Non-Asymptotic Optimization and Generalization Bounds for Stochastic Gauss-Newton in Overparameterized Models
Published 6 Nov 2025 in cs.LG, math.OC, and stat.ML | (2511.03972v2)
Abstract: An important question in deep learning is how higher-order optimization methods affect generalization. In this work, we analyze a stochastic Gauss-Newton (SGN) method with Levenberg-Marquardt damping and mini-batch sampling for training overparameterized deep neural networks with smooth activations in a regression setting. Our theoretical contributions are twofold. First, we establish finite-time convergence bounds via a variable-metric analysis in parameter space, with explicit dependencies on the batch size, network width and depth. Second, we derive non-asymptotic generalization bounds for SGN using uniform stability in the overparameterized regime, characterizing the impact of curvature, batch size, and overparameterization on generalization performance. Our theoretical results identify a favorable generalization regime for SGN in which a larger minimum eigenvalue of the Gauss-Newton matrix along the optimization path yields tighter stability bounds.
The paper establishes non-asymptotic convergence guarantees for the stochastic Gauss-Newton method, offering finite-time bounds that do not rely on strict positive definiteness.
It derives stability-based generalization bounds via algorithmic stability, showing improved performance when the Gauss-Newton matrix has a large minimum eigenvalue.

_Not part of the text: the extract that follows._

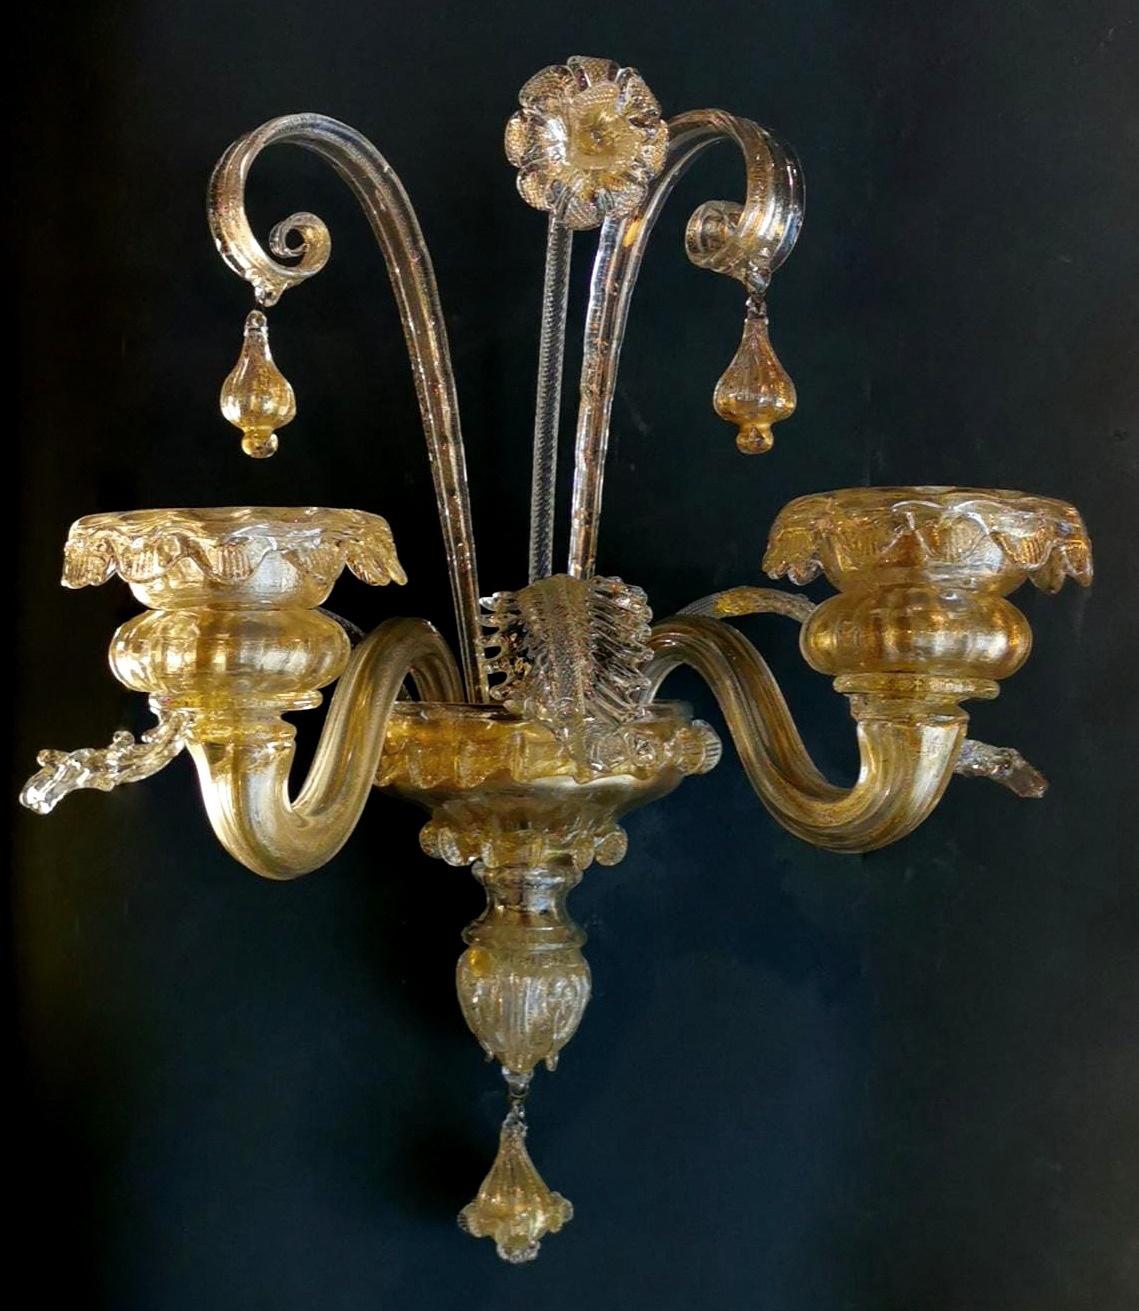 We kindly suggest that you read the whole description, as with it we try to give you detailed technical and historical information to guarantee the authenticity of our objects.
Valuable and precious Murano glass wall sconce made in a graceful Art

The analysis employs a novel variable-metric approach with a time-varying Lyapunov function to capture the stochastic and path-dependent dynamics in deep networks.
Non-Asymptotic Optimization and Generalization Bounds for Stochastic Gauss-Newton in Overparameterized Models
Introduction
The theoretical understanding of the impact of higher-order optimization methods, specifically Gauss-Newton methods, on the generalization capabilities of deep learning models is crucial yet remains elusive. The stochastic Gauss-Newton method with Levenberg-Marquardt damping presents a promising optimization framework for training overparameterized deep neural networks. This paper provides non-asymptotic, finite-time optimization and generalization bounds for this method, elucidating its behavior in overparameterized regimes.
Main Contributions
Non-Asymptotic Convergence Guarantees
The paper establishes that the Stochastic Gauss-Newton method converges at a non-asymptotic rate of:
O(k1[rˉklogk+λ+λ−1]+m1),
where k is the iteration count, B the batch size, m the network width, and λ the damping factor. This result is significant because it does not rely on the strict positive definiteness of the neural tangent kernel, indicating robust performance even in ill-conditioned scenarios and avoiding dependence on the sample size n.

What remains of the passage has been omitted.